Good Financial Advice Takes Human Behaviors into Consideration

It’s the Fall of 2008, and the stock market is plummeting. The whole financial system seems to be tottering on the brink of something unthinkable. A famous financial TV personality screams at you that you should “sell, sell, sell!!” Is that good financial advice?

In fact, it is horrible advice, and not because selling would necessarily be the wrong thing to do in all cases (see above). It is horrible advice because it preys on well-known frailties in human decision-making in order to sell airtime (or gain eyeballs). It is worse than self-serving; it is predatory. In contrast, good advice would help you separate out your emotions and unexamined reactions from the facts of the situation, and then help you address both. A good advisor will not only address the financial facts, but also the emotional ones.

Good Financial Advice Puts Your Interests First

Just because you find something on a website doesn’t mean it isn’t biased. Flo might be able to help you find cheap insurance, but I doubt she can tell you whether cheap insurance is the right choice for you. The fact is that the overwhelming majority of organizations that give out financial information or advice over the Internet are still there to sell you something. They have a motive of their own. Your mutual fund company, your insurance company, and your discount broker will all offer you financial advice – but will they recommend another company’s mutual funds, insurance products, or stock transactions? I think not.

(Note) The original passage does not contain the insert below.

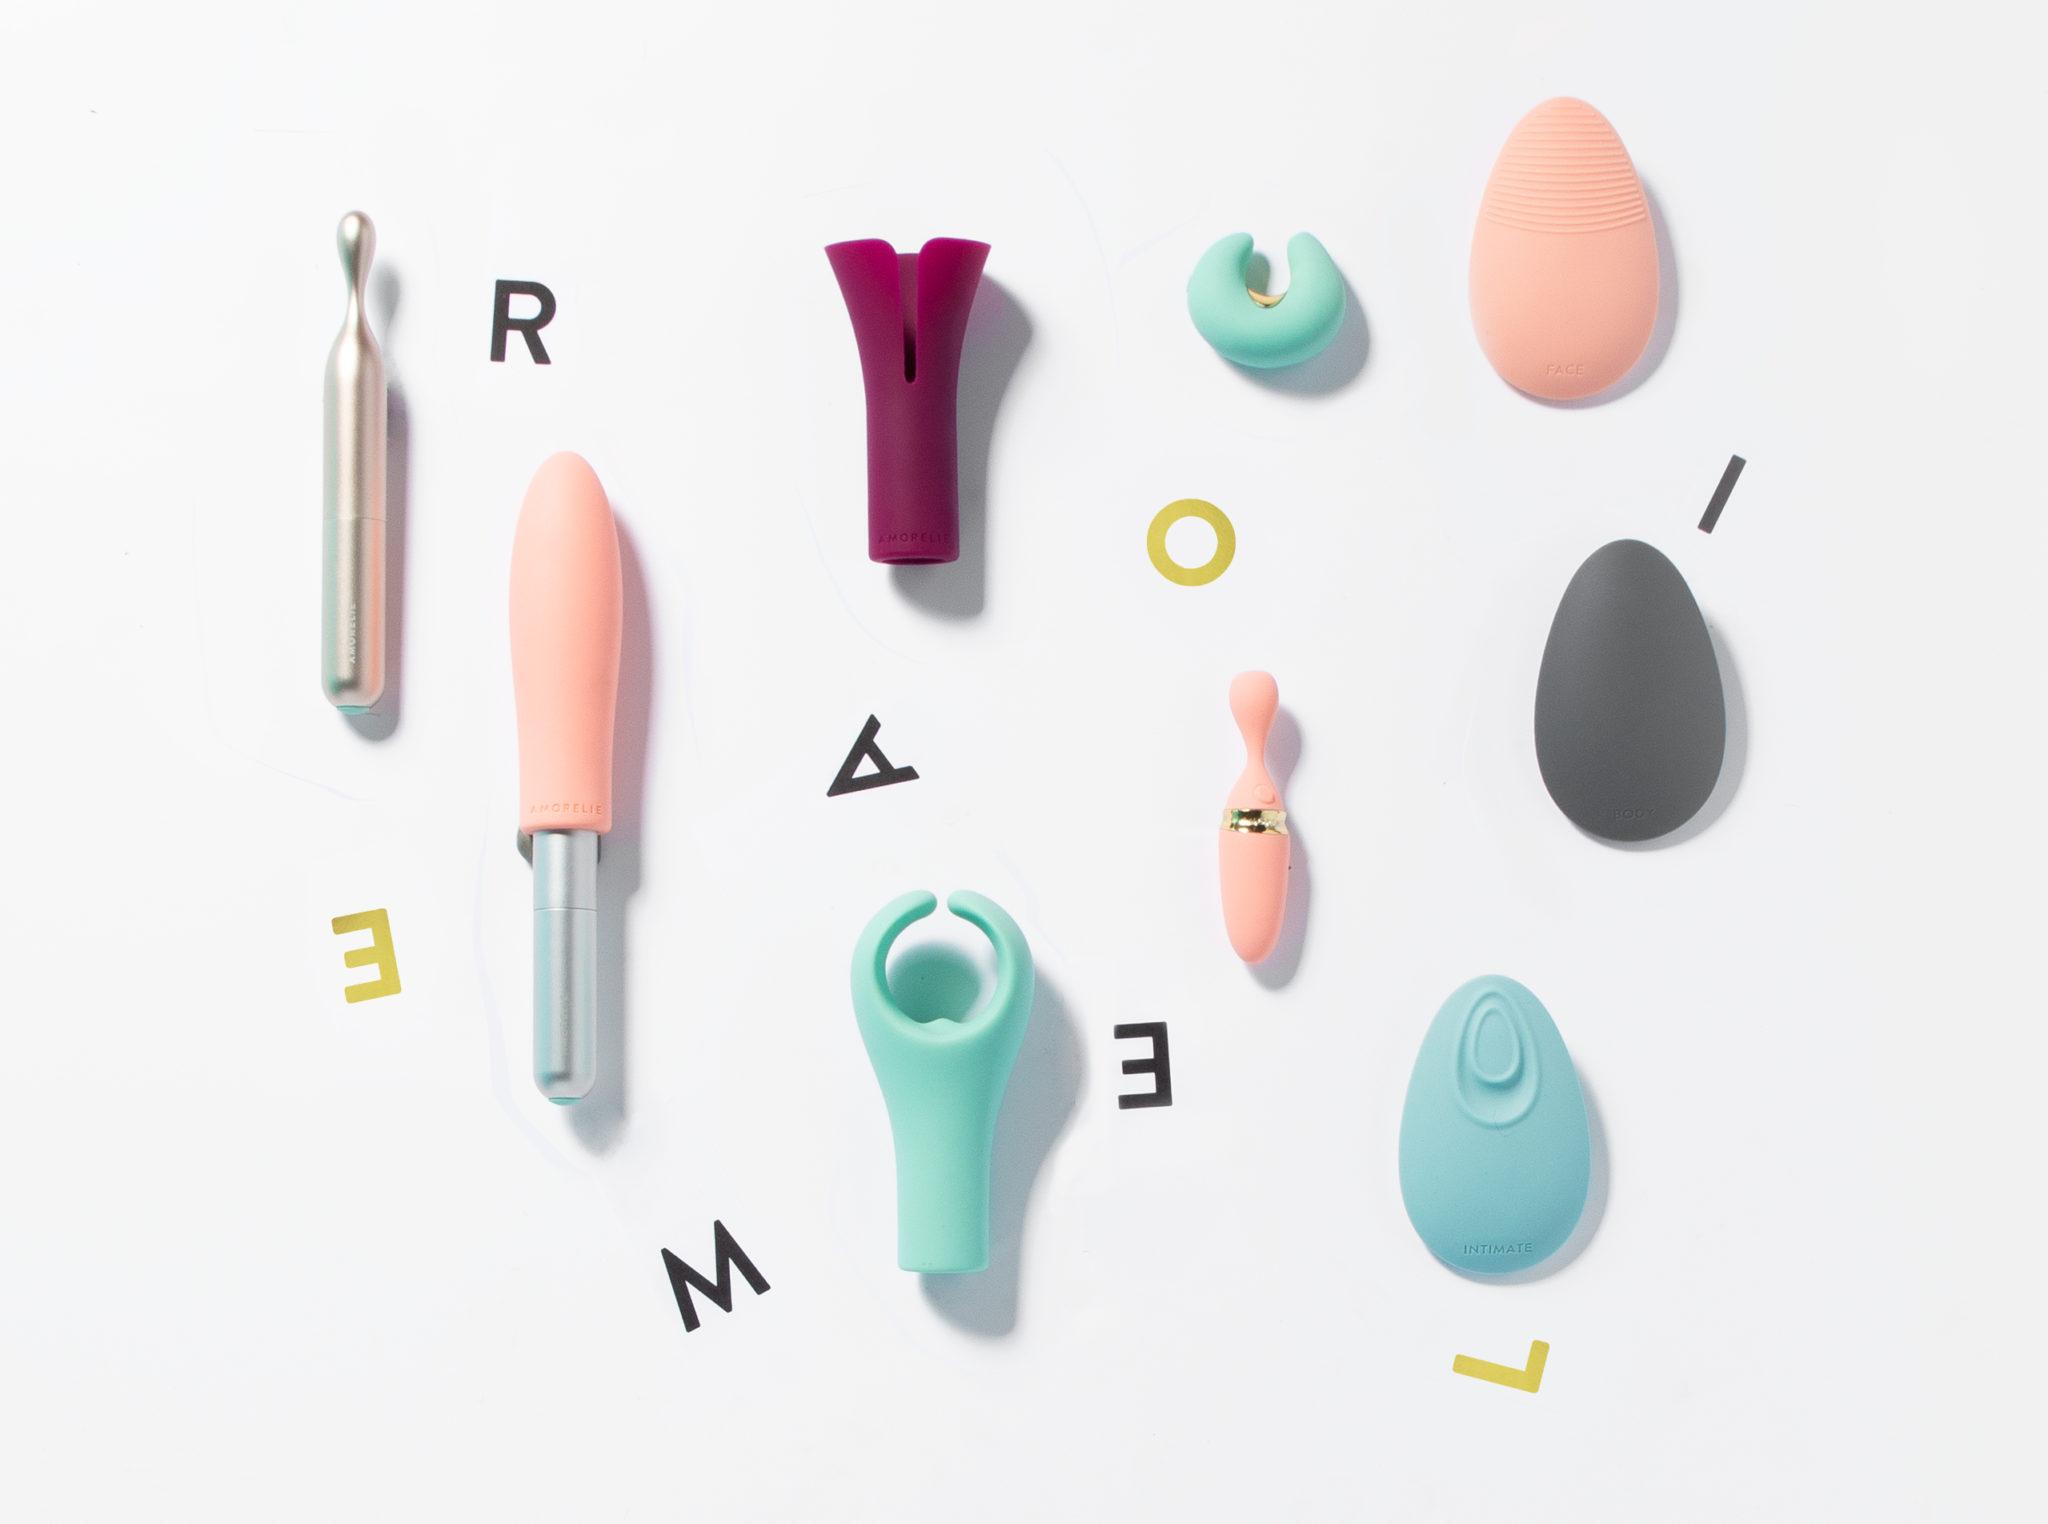 AMORELIE Toys sexe toys masturbation femmes se masturbent autant hommes

Only Registered Investment Advisers are specifically in the business of giving their clients advice that puts those clients’ own interests first. A good RIA advisor or financial planner, like a good doctor, will seek to educate you, to look for problems before they become serious, and to tell you things you don’t necessarily want to hear if you need to hear them. A good advisor will measure her success by your long-term success, and not by the company’s sales results or stock price.

Knowing and Doing are Different Things

Reading a Chinese dictionary doesn’t make you fluent in Chinese. It’s easy to forget that money is not just about knowing; it’s about doing the right thing and achieving the results you want over the long term. Financial literacy is a performance art, and good financial advisors are coaches. If you happen to be one of those rare individuals who practice perfect follow-through on your intentions and goals, bravo! But most of us business professionals do vastly better with a bit of help – help with getting organized, with better understanding the decisions we’re facing, and especially help with follow-through that may involve various different kinds of financial products and service providers.

Internet searches can help you know more facts. They won’t partner with you to help ensure you achieve the results you want.

Good Financial Advice Can Be Affordable

A common misperception is that individualized, fiduciary financial advice is available only to the richest among us – as opposed to ‘free’ advice via the internet. That is simply not true. There are many options available, from flat-fee structures to lower pricing for entry-level clients. And when advisors earn their fees based on a client’s long-term wealth over time, their interests are perfectly aligned with those of their clients. In addition, transparency regarding fees and potential conflicts of interest is important for consumers who want to make an informed decision about an advisor on whom she will rely for unbiased help in building and executing a long-term financial plan.

*****

1. The scarcity principle in economics states that needs and wants will always exceed available resources.